Budapest Post

Cum Deo pro Patria et Libertate
Budapest, Europe and world news

Tens of Thousands of Hungarians Defrauded of Large Sums of Money

In recent years, Hungary has seen a significant increase in the value of damages resulting from abuses related to bank card transactions and money transfers.
According to data from the National Bank, in the fourth quarter of 2023 alone, fraudsters managed to siphon off 8.1 billion forints from customers' accounts, with the number of documented cases reaching nearly 48,000, as reported by CIB Bank. Additionally, there were attempts to steal another 4.8 billion forints that were unsuccessful.

Parallel to the rise in electronic payment traffic over the past years, the value associated with abuses of electronic financial operations has also been on the increase.

Data from the Hungarian National Bank indicates that for the fourth quarter of 2023, damages in non-card electronic payment traffic, which includes transfers and direct debits, nearly amounted to 5.8 billion forints. Meanwhile, more than 2.3 billion forints of damage was recorded for card-based transactions.
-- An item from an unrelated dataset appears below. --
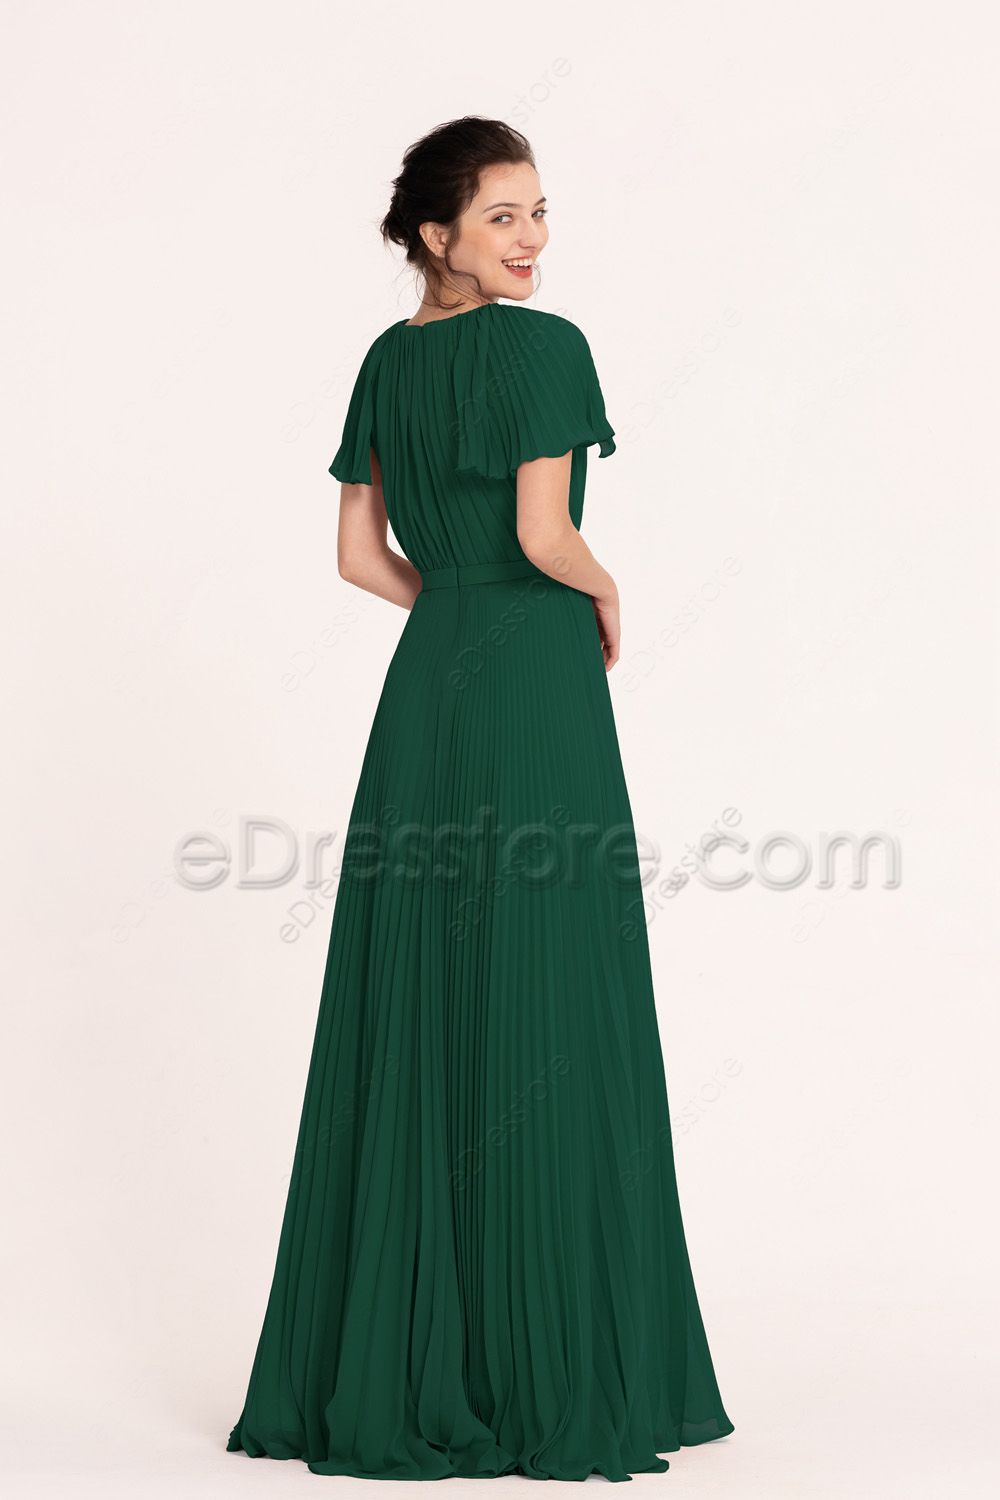 Modest LDS Dark Emerald Green Autumn Bridesmaid Dresses | eDresstore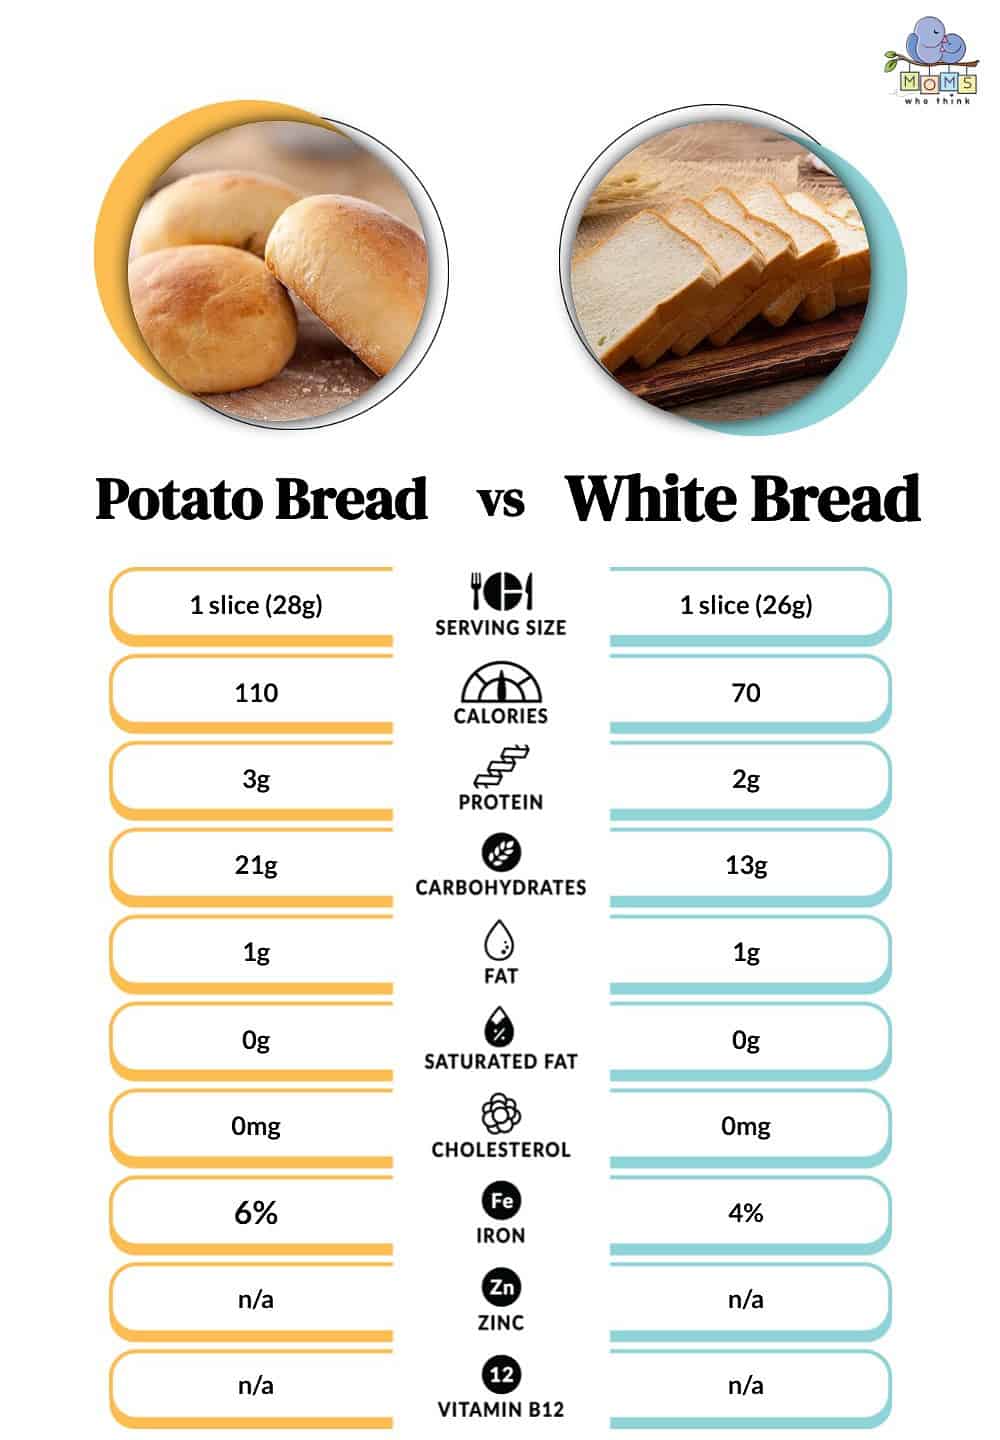 Potato Bread vs White Bread Nutritional Facts

The number of card-related abuses exceeded 44,200 in just one quarter, while the National Bank registered more than 3,700 successful fraud cases within electronic money traffic, highlighted in a statement from CIB Bank. In addition, there were almost 14,000 attempted frauds valued at 4.8 billion forints.

However, there is good news as the number and value of successful fraud attempts significantly decreased in the fourth quarter compared to the previous three months. Bank statistics also reveal that the majority of abuses were based on the acquisition of customers' data, meaning that the fraudsters accessed the victims' money using stolen identifiers.

"With the development of technology and the rapid growth of digital money flow, criminals also use increasingly sophisticated methods to commit fraud. Hence, it's crucially important to never allow anyone access to our banking identifiers," stated Gábor Bártfai, Head of Information Security at CIB Bank.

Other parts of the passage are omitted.